WHAT THE TASK REQUIRES >>
Using the records below, please work out how many lines contain "Cover"; answer with the number alone.

DATA EXTRACTS >>
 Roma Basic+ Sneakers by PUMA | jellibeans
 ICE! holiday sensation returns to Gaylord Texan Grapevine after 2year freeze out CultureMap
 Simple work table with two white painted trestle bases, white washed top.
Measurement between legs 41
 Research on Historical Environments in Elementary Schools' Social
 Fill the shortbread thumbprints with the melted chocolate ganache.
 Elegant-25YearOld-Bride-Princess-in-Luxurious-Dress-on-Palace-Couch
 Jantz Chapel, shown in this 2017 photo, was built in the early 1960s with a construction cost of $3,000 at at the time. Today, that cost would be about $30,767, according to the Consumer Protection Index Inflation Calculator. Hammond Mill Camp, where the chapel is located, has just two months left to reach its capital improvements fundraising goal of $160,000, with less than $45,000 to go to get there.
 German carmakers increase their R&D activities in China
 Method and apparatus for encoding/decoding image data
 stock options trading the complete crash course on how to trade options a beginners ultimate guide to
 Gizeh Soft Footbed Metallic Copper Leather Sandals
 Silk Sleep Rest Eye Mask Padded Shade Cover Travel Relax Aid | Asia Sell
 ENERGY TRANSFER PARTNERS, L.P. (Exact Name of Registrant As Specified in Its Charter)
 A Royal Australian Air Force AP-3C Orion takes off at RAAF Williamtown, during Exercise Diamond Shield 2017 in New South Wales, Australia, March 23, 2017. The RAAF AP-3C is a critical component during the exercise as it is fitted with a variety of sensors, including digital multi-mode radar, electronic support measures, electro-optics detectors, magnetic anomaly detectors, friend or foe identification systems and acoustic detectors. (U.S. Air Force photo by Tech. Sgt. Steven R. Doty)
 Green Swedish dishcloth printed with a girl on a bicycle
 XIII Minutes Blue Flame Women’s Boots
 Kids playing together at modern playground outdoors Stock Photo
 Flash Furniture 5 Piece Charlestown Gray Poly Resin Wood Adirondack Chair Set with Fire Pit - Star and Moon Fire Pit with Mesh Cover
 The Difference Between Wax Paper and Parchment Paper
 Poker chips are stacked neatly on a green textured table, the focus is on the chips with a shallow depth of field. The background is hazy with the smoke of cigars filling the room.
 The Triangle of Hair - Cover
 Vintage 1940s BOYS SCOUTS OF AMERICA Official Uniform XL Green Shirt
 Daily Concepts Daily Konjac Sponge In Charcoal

REPLY >>
3